A new study has taken an even deeper dive into this theory and has officially “identified 956 gene variants that are associated with an increased risk of insomnia, as reported in the scientific journal Nature Genetics,” Tom Hale reported.
After studying the genetic data of over 1.3 million people, harvested from the genetic data banks UKBiobank and 23andMe, they not only identified these variants, but also discovered that some of these variable genes play an important role in the functionality of axons: the nerve fibers which conduct impulses from one cell body to other cells. Other variant genes were associated with activity in the frontal cortex and subcortical nuclei, which had previously been linked to chronic restless sleep.
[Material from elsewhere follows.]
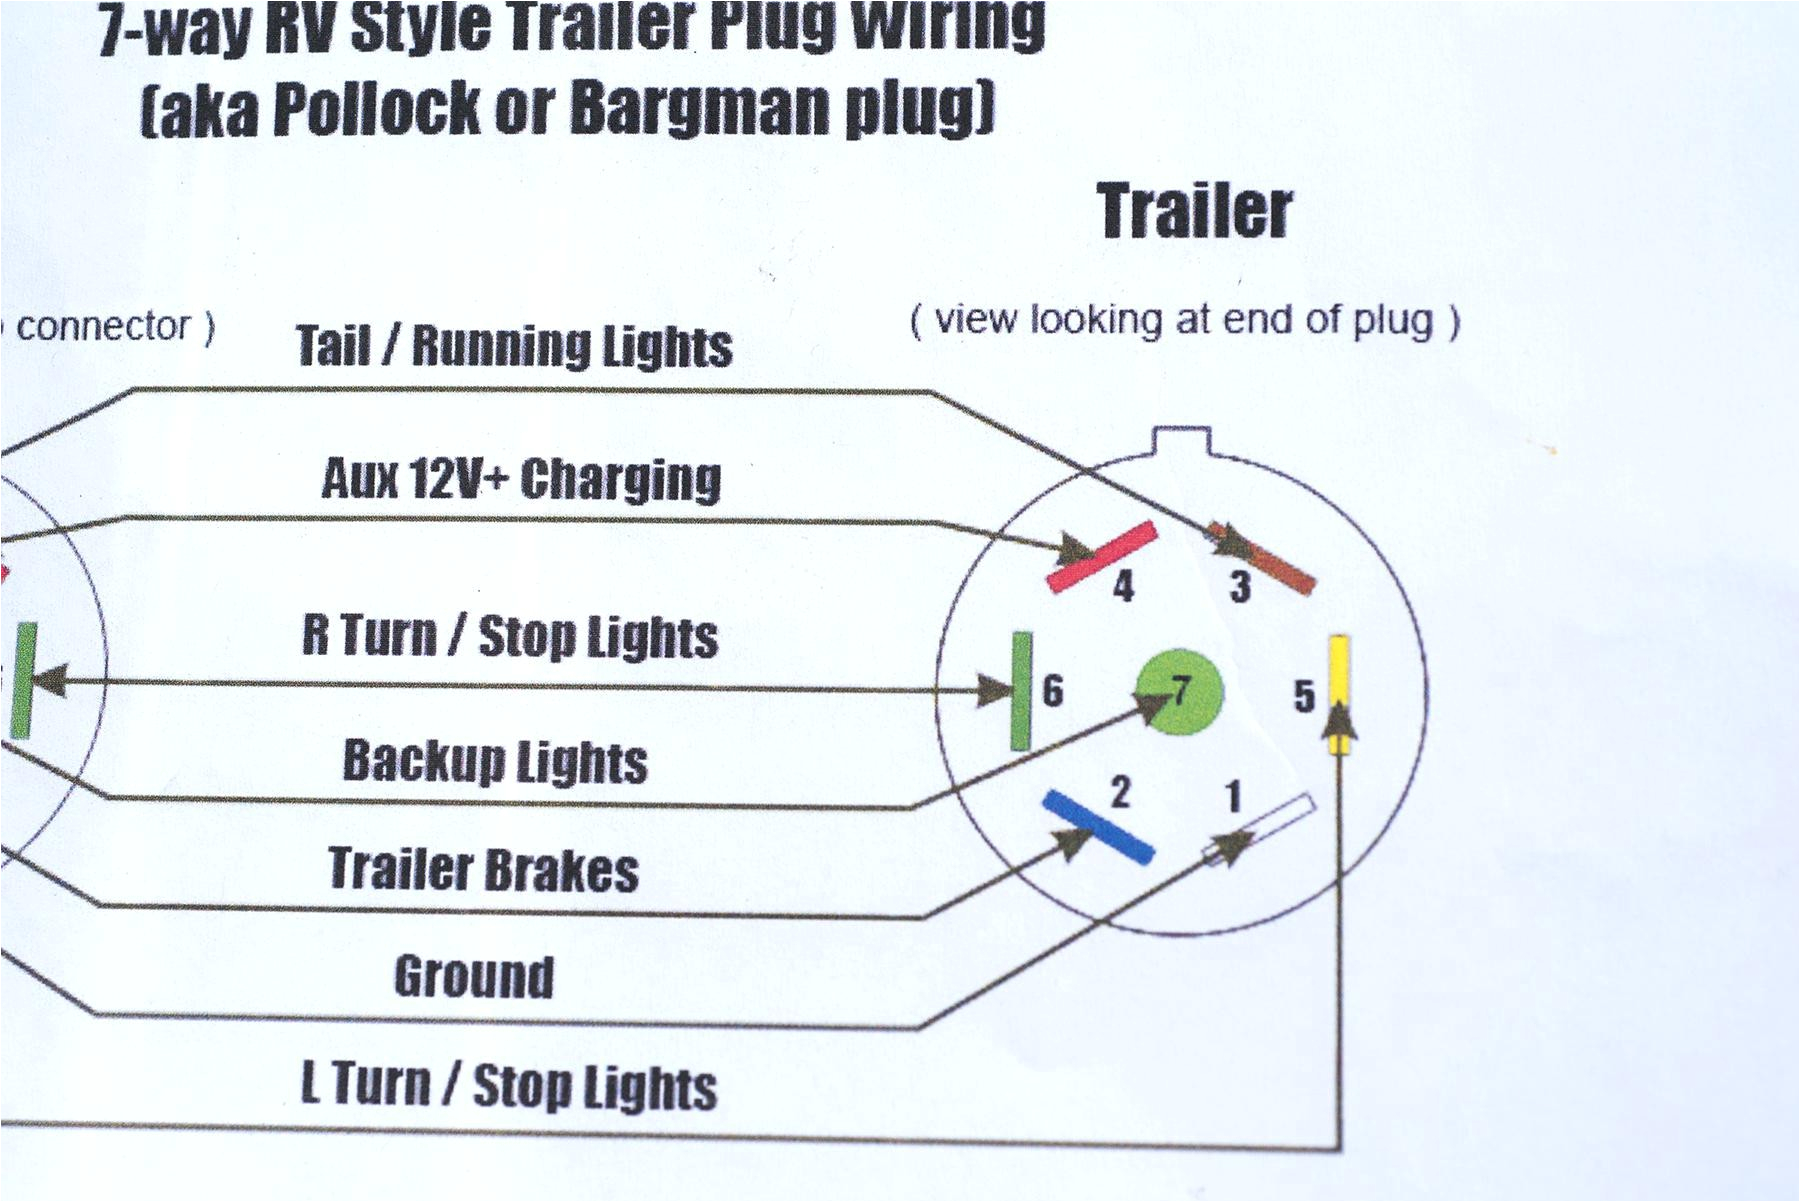 7 way truck wiring diagram elegant trailer light wiring diagram diagram of 7 way truck wiring diagram jpg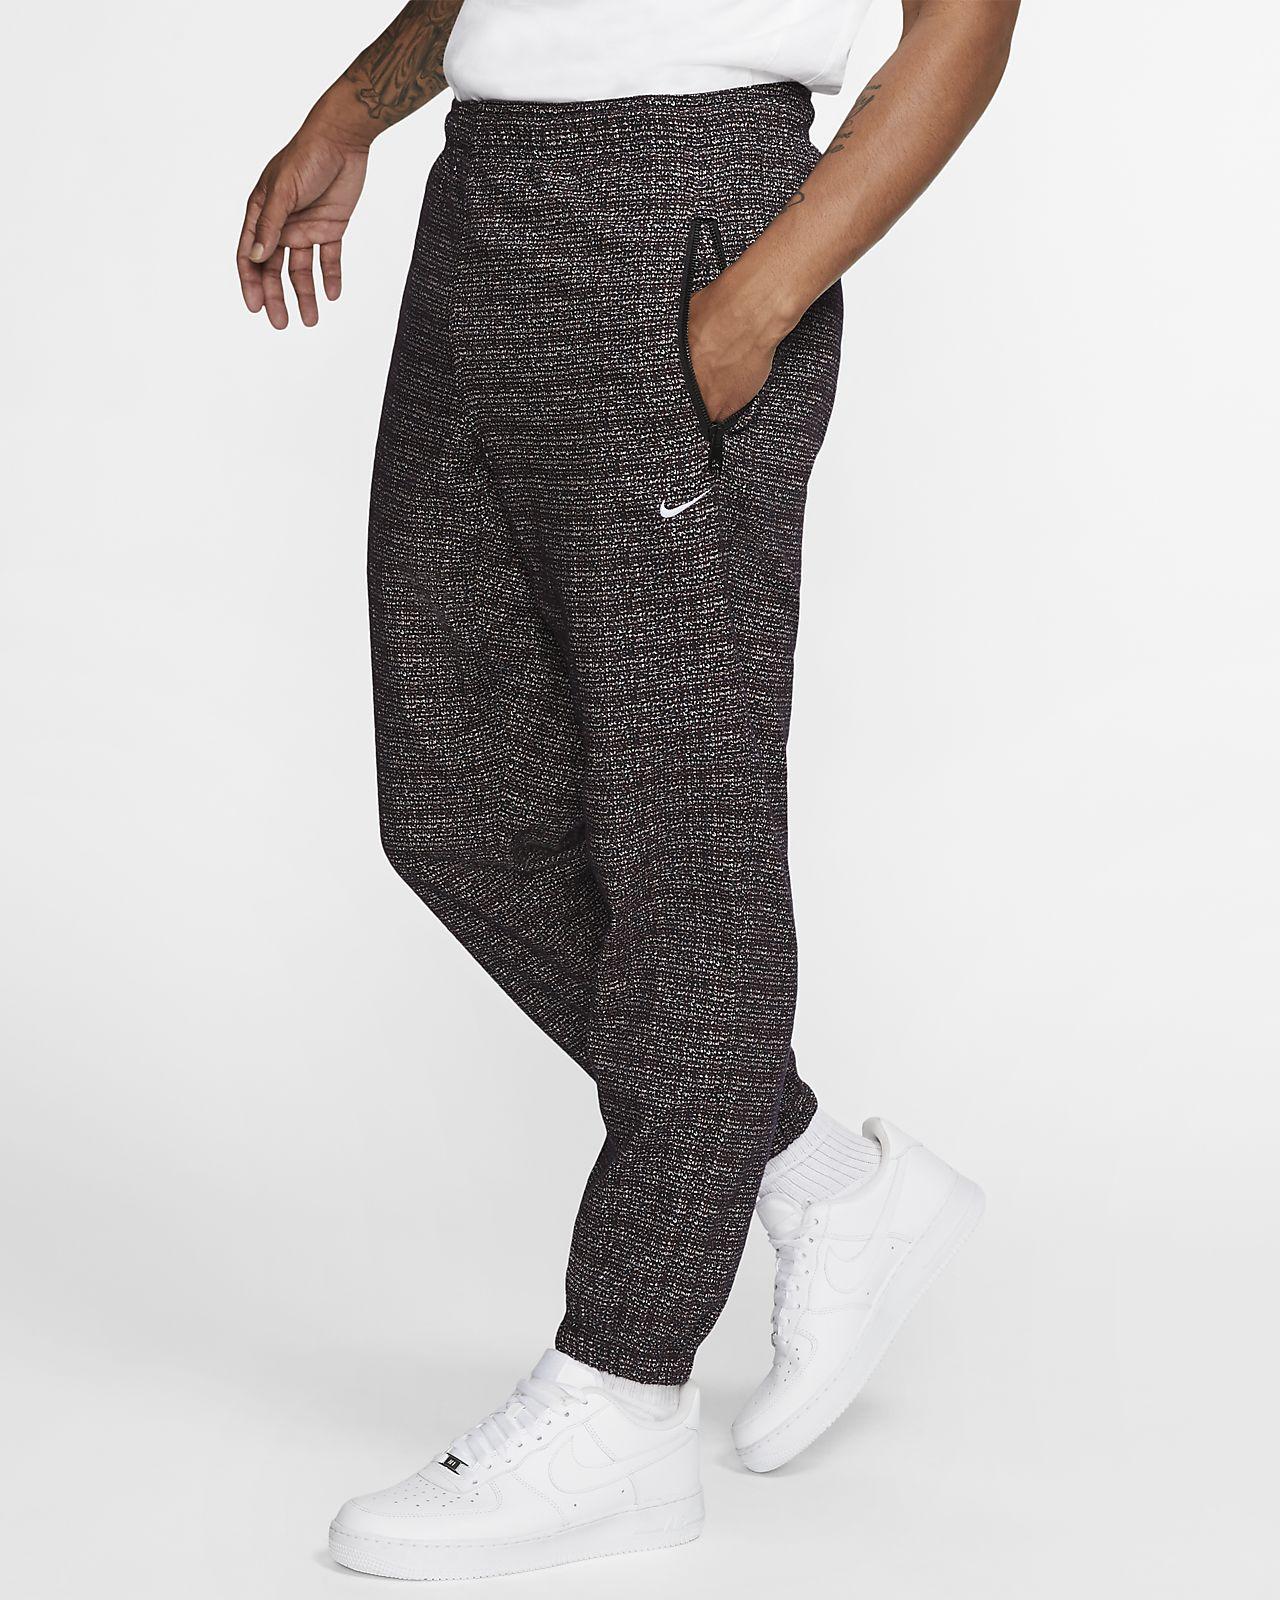 Nike Classic x Sport 男子长裤

“Our study shows the insomnia, like so many other neuropsychiatric disorders, is influenced by 100s of genes, each of small effect. These genes by themselves are not that interesting to look at. What counts is their combined effect on the risk of insomnia. We investigated that with a new method, which enabled us to identify specific types of brain cells,” Statistical Genetics professor Danielle Posthuma said in a statement.
“These findings are a breakthrough, since we can now for the first time start searching for underlying mechanisms in individual brain cells in the laboratory,” Guus Smit, study author and neurobiologist at the University of Amsterdam, added.